The main grid components affected by the implementation of EV chargers are the transformers, transmission lines, and switchgear protective devices [12]. As the number of EV chargers connected to the grid increases, the load on the utility also increases. This issue is significantly more pronounced for poorly maintained utility grids [12], as is the case for most sub-Saharan countries. Mitigation strategies are, therefore, needed to reduce the impact on the grid. These mitigation strategies include:
  • Vehicle-to-grid (V2G) implementation: Employs the use of EVs to feed unused power back into the grid for grid stabilisation purposes [35,36,37].
  • Smart charging strategies: Control the charging speed and time frame when EVs can charge to reduce loads during peak times [37,38].
  • Stationary battery energy storage systems (BESSs): Help offset the charging in peak times [37,39].
  • Renewable energy sources (RES): Reduce grid impact and increase sustainability [12].
This paper will assess BESSs and RES for implementation at multiple taxi ranks. The grid can charge the stationary BESSs during off-peak times or can be charged with the use of RES, such as solar PV panels [40].

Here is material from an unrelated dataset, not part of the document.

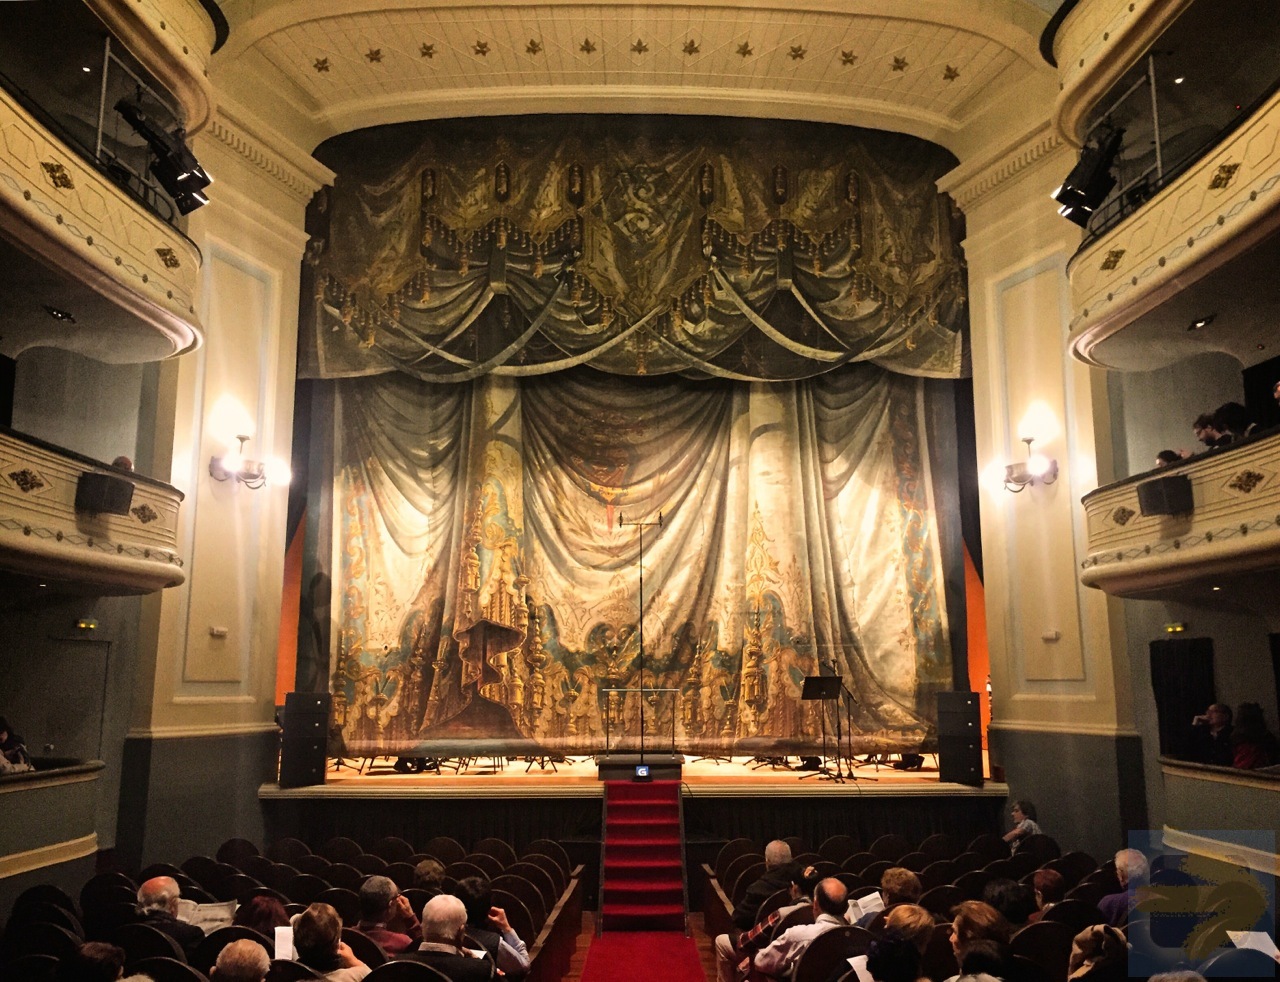 Lovely Teatro Principal on Rua Nova. Santiago de Compostela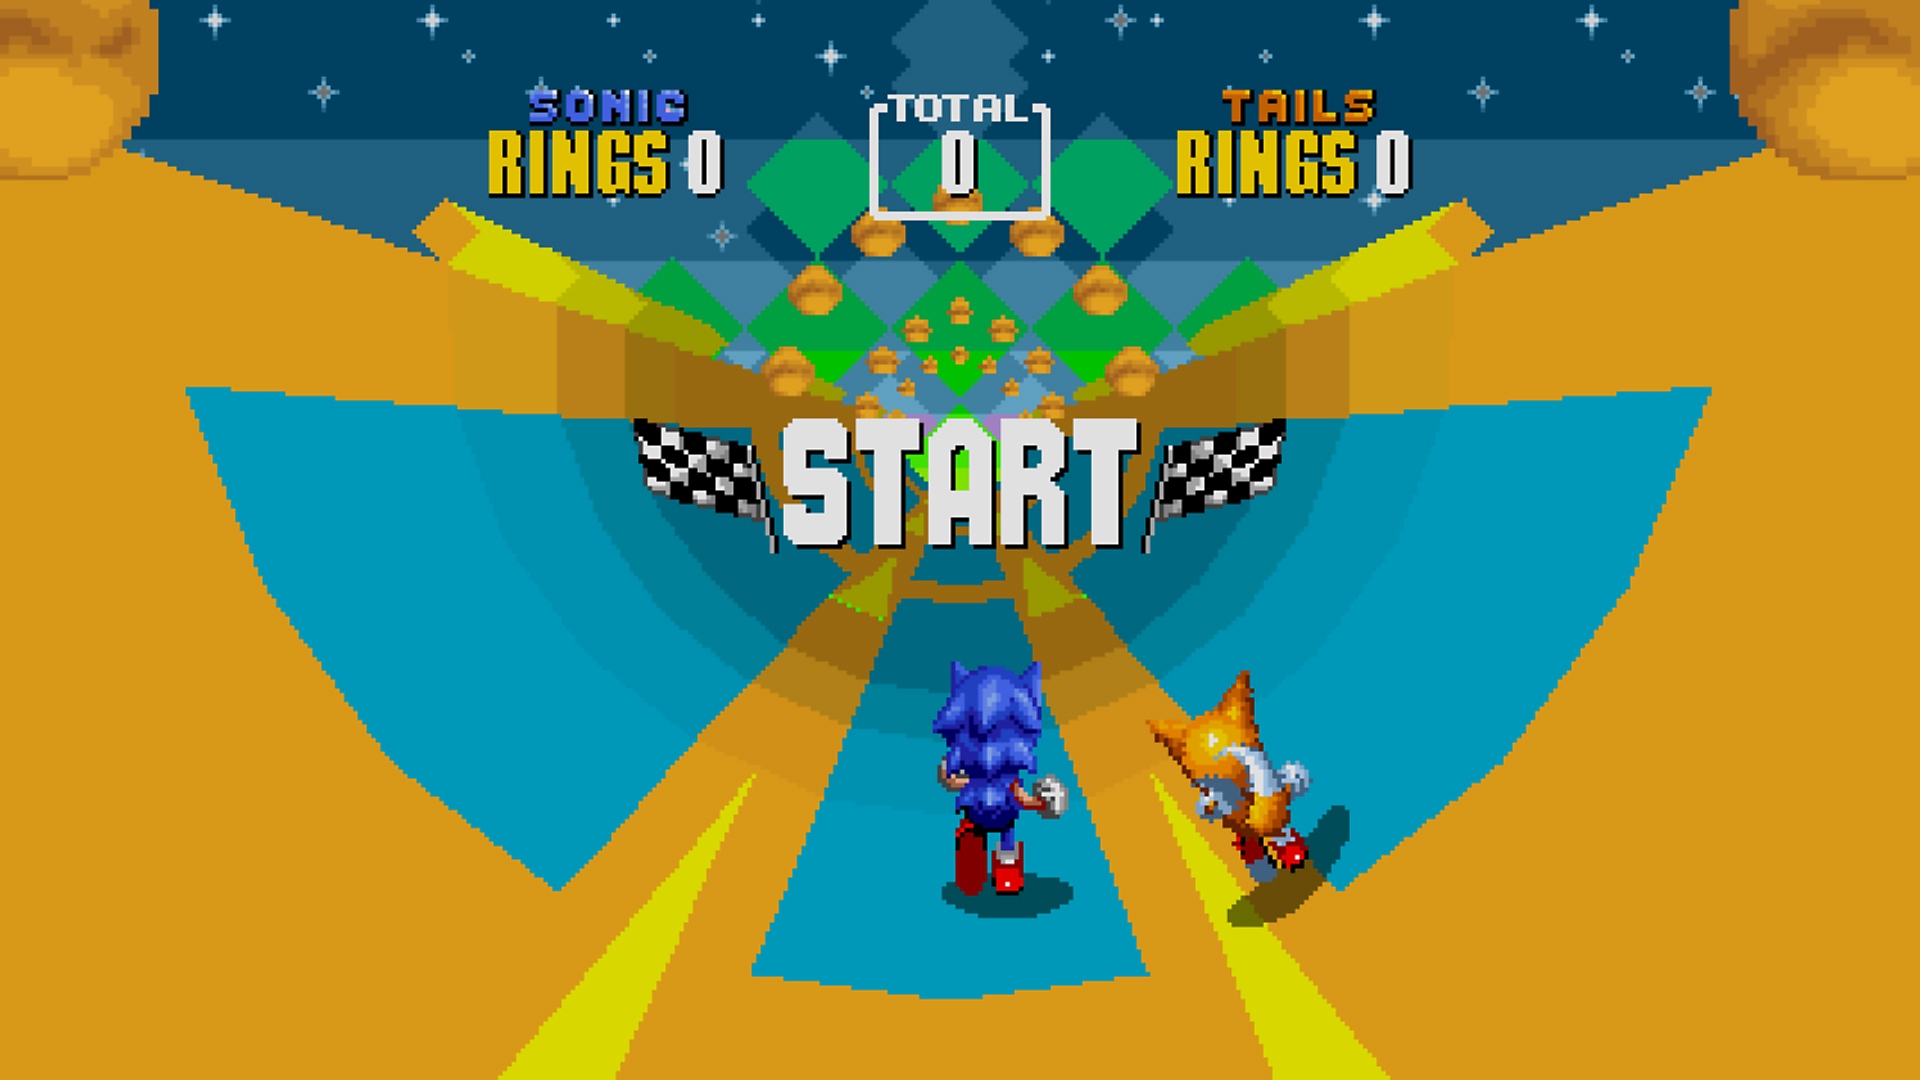 لقطة شاشة من Sonic Origins تعرض Sonic و Tails يركضان في أحد المستويات

2.2. External Battery Storage and Renewable Energy Integration

Introducing renewable energies into the grid can help meet the demand and reduce emissions [41,42]. Furthermore, studies have shown that the incorporation of renewable energy sources into the grid enhances the power quality of the grid without any negative impact on the grid [12,43,44,45].
Opportunities for large-scale PV installations in populated areas are limited to rooftops due to the lack of land [46]. The amount of energy produced from solar panels is further limited by their size, number, sunlight irradiance and direction/angle [46]. Like many countries in sub-Saharan Africa, South Africa has high levels of solar energy. Approximately 4.5 to 6.5 kWh/m 2 of solar energy is experienced on average per day [17,47]. This is much more than London, with 0.5 to 4.7 kWh/m 2 [48] and New York, with 3.0 to 5.7 kWh/m 2 [49]. This makes using solar energy for grid support in localised areas viable.
Furthermore, installing grid-integrated storage systems represents an alternative means to reinforce the grid [37]. This is achieved because these batteries can charge slowly from the grid or renewable sources when available. These batteries can also be used for fast charging the EVs without burdening the grid [40,50], or for providing ancillary services for the grid [31]. An investigation of existing grid simulators is thus required.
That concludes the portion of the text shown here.